!the first question is the one relevant: you need to explain/prove if the definitions given are correct] (https://i.stack.imgur.com/xZOtI.jpg)
I need to determine whether the first 3 definitions are equivalent to the definition of ordered couples, and to explain why.
i'm taking the class of "introduction to set theory" for math b.a students, so the question is not under the assumption of ZFC
On
Consider the two cases $$ a_1 = \{\{x\}\}, b_1 = x\\ a_2 = \{x\}, b_2 = \{x\} $$ I have used one of the rows above to make one of your "ordered pairs" $(a_i, b_i)$, and the result I get is $$ (a_i, b_i) = \{\{x\}, \{\{x\}\}\} $$ Can you tell me whether I've used $i = 1$ or $i = 2$?
On
If $a=\{y\}$ and $x=\{b\}$ then $\{a,\{b\}\}=\{x,\{y\}\}$ but it is evidently not necessary that $a=x$ and $b=y$.
On
I need to determine whether the first 3 definitions are equivalent to the definition of ordered couples, and to explain why.
For that you have to know what an "ordered couple" actually means and how those different definitions can be verified? I assume this is the property you are looking at:
Ordered pair equality: $(a,b) = (c,d)\text{ if and only if }a=c\text{ and }b=d$
Note the subtle difference between this property and equality between sets:
Set equality: $\{a, b\}=\{c, d\}\text{ if and only if }(a = c\text{ and }b=d)\textbf{ or }(a = d\text{ and }b=c)$
This is not a standard definition, more like a consequence of "$A\subseteq B$ and $B\subseteq A$" which is easier to understand when both sets have $1-2$ elements. Anyway it will be useful later.
Another important thing is that the underlying axiomatic system matters. We often assume ZF (or sometimes ZFC) implicitly but I have a tendency to be more explicit. Because you see, ZF is one of the most popular models. And in ZF the equality $x=\{x\}$ cannot hold, no matter what $x$ is. But there are systems in which $x=\{x\}$ holds, most notably ZF without the axiom of foundation. This will become important as we will see soon. And it is far from a trivial observation.
Everything that follows is assumed to be under ZF.
So let's have a look at those 3 cases:
(1) $(a,b) := \{\{0,a\}, \{1, b\}\}$
I assume here that $0\neq 1$, e.g. $0=\emptyset$ and $1=\{\emptyset\}$. It really doesn't matter what $0, 1$ are as long as they are distinct.
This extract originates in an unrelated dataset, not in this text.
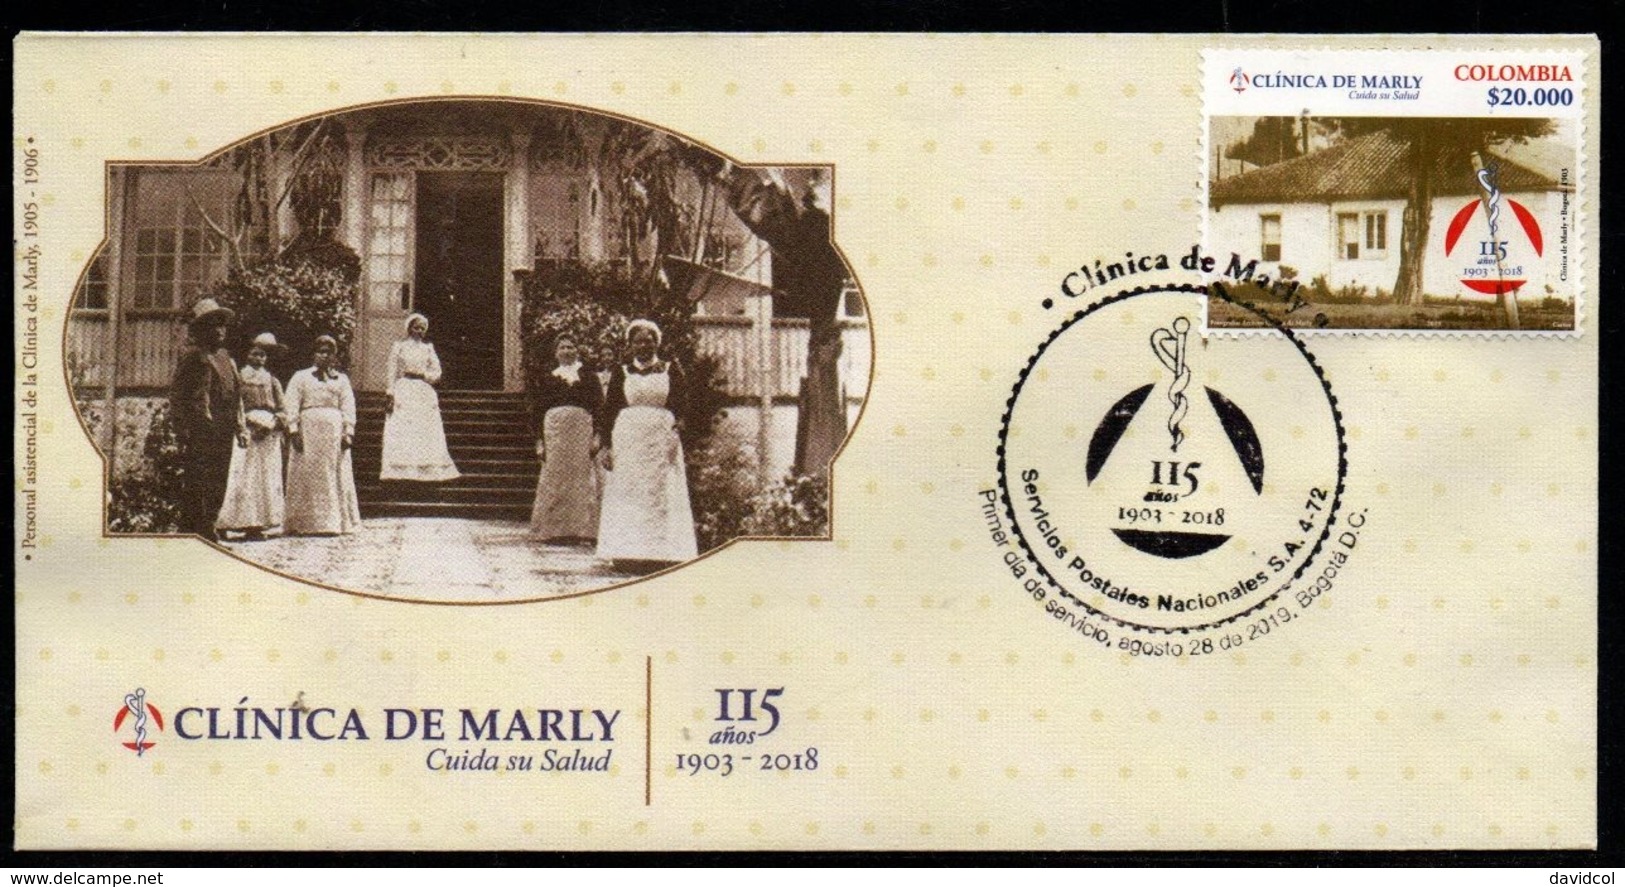 COLOMBIA- 2019 - FDC / SPD - MARLY'S HOSPITAL , 115 YEARS. - Colombia

Assume that $(a,b)=(c,d)$. Then $\{\{0,a\}, \{1, b\}\}=\{\{0,c\}, \{1, d\}\}$. So under that assumption the equivalent condition for the equality is:
$$\{0,a\}=\{0,c\}\text{ and }\{1,b\}=\{1,d\}$$ $$\textbf{or}$$ $$\{0,a\}=\{1,d\}\text{ and }\{1,b\}=\{0,c\}$$
The first "or" case implies that $a=c$ and $b=d$. What about the other one? It implies that $a=1, d=0$ and $b=0, c=1$ which means $a=c$ and $b=d$.
So this one is good, all paths lead to $a=c$ and $b=d$.
This definition is also known as the Hausdorff's ordered pair.
(2) $(a,b) := \{a, \{b\}\}$
As others noted this fails since $(\{x\}, \{x\})=(\{\{x\}\}, x)$ and we can never have $x=\{x\}$ for $x=\emptyset$. Also in ZF this cannot happen for any other set (due to the axiom of foundation).
(3) $(a,b) := \{ \{a\}, \{a, \{b\}\}\}$
Assume that $(a,b)=(c,d)$. In other words we have
$$\{a\} = \{c\}\text{ and }\{a, \{b\}\} = \{c, \{d\}\}$$ $$\textbf{or}$$ $$\{a\} = \{c, \{d\}\}\text{ and }\{a, \{b\}\} = \{c\}$$
The first "or" case obviously implies that $a=c$ and $b=d$. The other "or" case implies that $c=\{d\}$ (first "and" equality) and $a=\{b\}$ (second "and" equality). And then $a=c$ and $b=d$ follows. So this one is good as well.
Also note that the last one is very similar to the Kuratowski's definition of the ordered pair $(a,b)=\{\{a\},\{a,b\}\}$.